Standard: CCSS.MATH.3.NBT.A.2
Subtraction-with-borrowing is a critical stepping stone in your third grader's math journey because it moves them beyond simple subtraction into two-digit problems they'll encounter throughout elementary school and beyond. At ages 8-9, students are developing the abstract thinking needed to understand that ten ones can be regrouped as one ten—a concept that feels magical to some children and confusing to others. This skill builds mental flexibility and number sense, helping them see numbers not as fixed units but as flexible groups that can be broken apart and recombined. Mastering borrowing now prevents frustration later with multi-digit subtraction, division, and even fractions. When your child can confidently solve a problem like 34 − 17, they're building confidence in their own problem-solving abilities and learning that math is about strategy, not just memorization.
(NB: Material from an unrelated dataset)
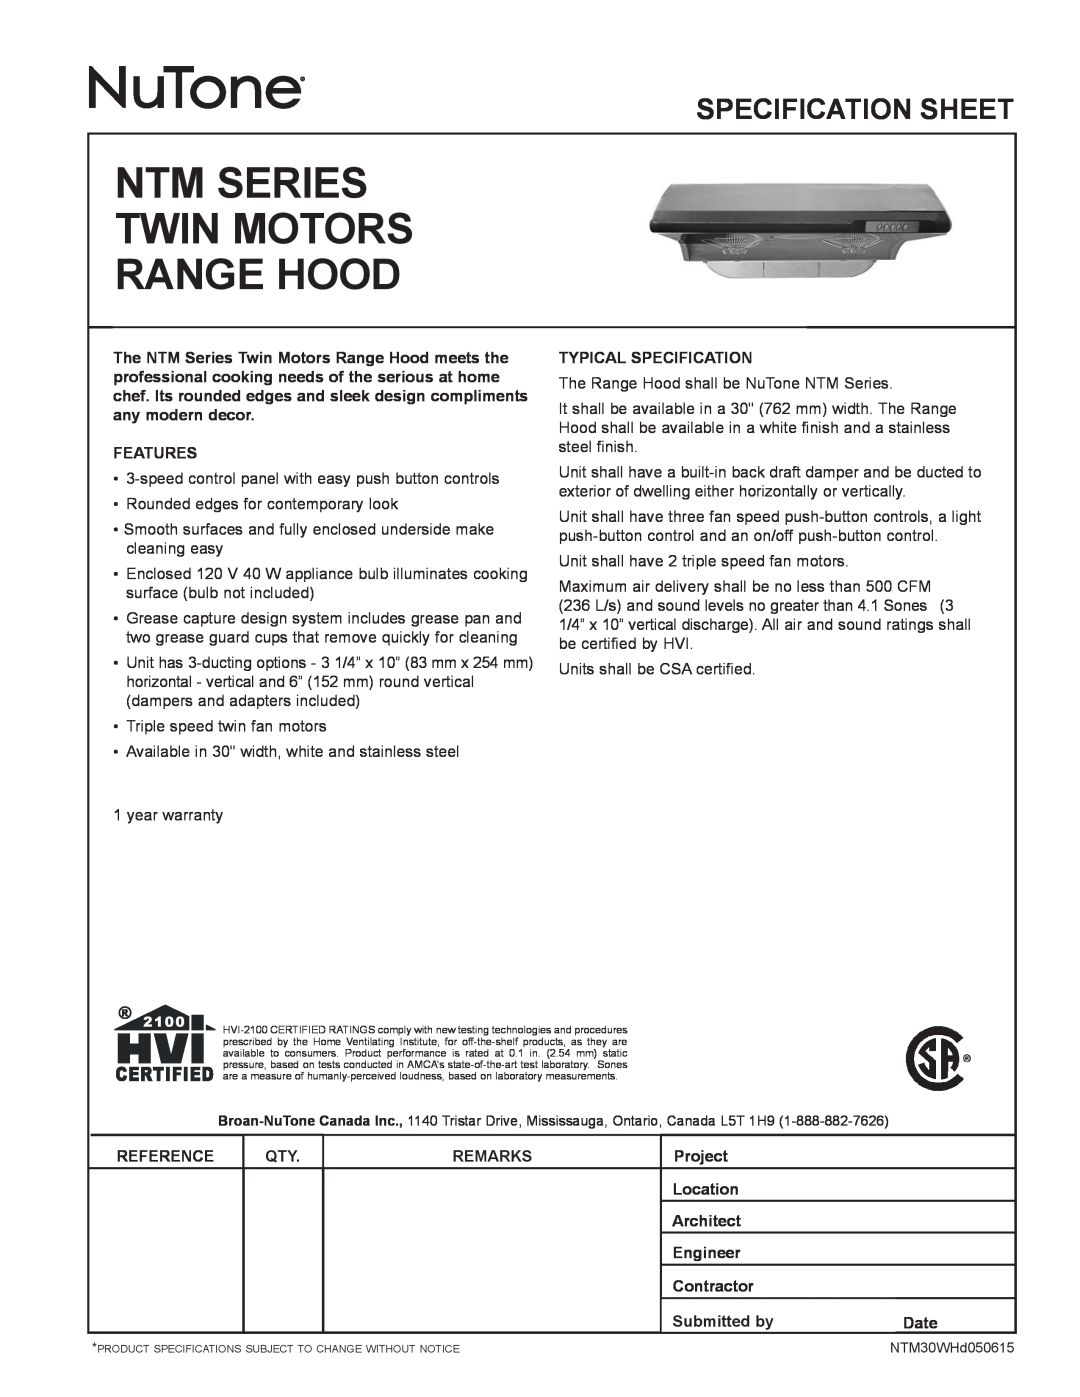 NuTone NTM Series specifications Ntm Series Twin Motors Range Hood, Specification Sheet

Whether calculating change at a store or figuring out how many days until a Mars mission launch, subtraction-with-borrowing is the tool that makes real-world math possible.
The most common error is students forgetting to reduce the tens column after borrowing. For example, in 32 − 15, a student might borrow to make it 3 12 − 15, but then still use 3 (instead of 2) as their tens digit in the answer. Another frequent mistake is borrowing when it's not needed—a student might borrow even when the ones digit on top is already larger than the bottom. Watch for answers that don't make sense in relation to the original problem: if you're subtracting 12 from 30, the answer should be reasonably close to 20, not 8 or 42.
Play a "store checkout" game at home: give your child a small pile of coins or pretend dollars (use paper with numbers written on them), then call out prices and ask how much change they get back from a given amount. For instance, "You have 45 cents and the toy costs 18 cents—how much change?" This makes borrowing concrete and purposeful for an 8-year-old, who can physically count out tens and ones and see why breaking apart a dime (or a ten-dollar bill in pretend play) makes the subtraction possible. Repeat it weekly using different scenarios, and your child will internalize the strategy naturally.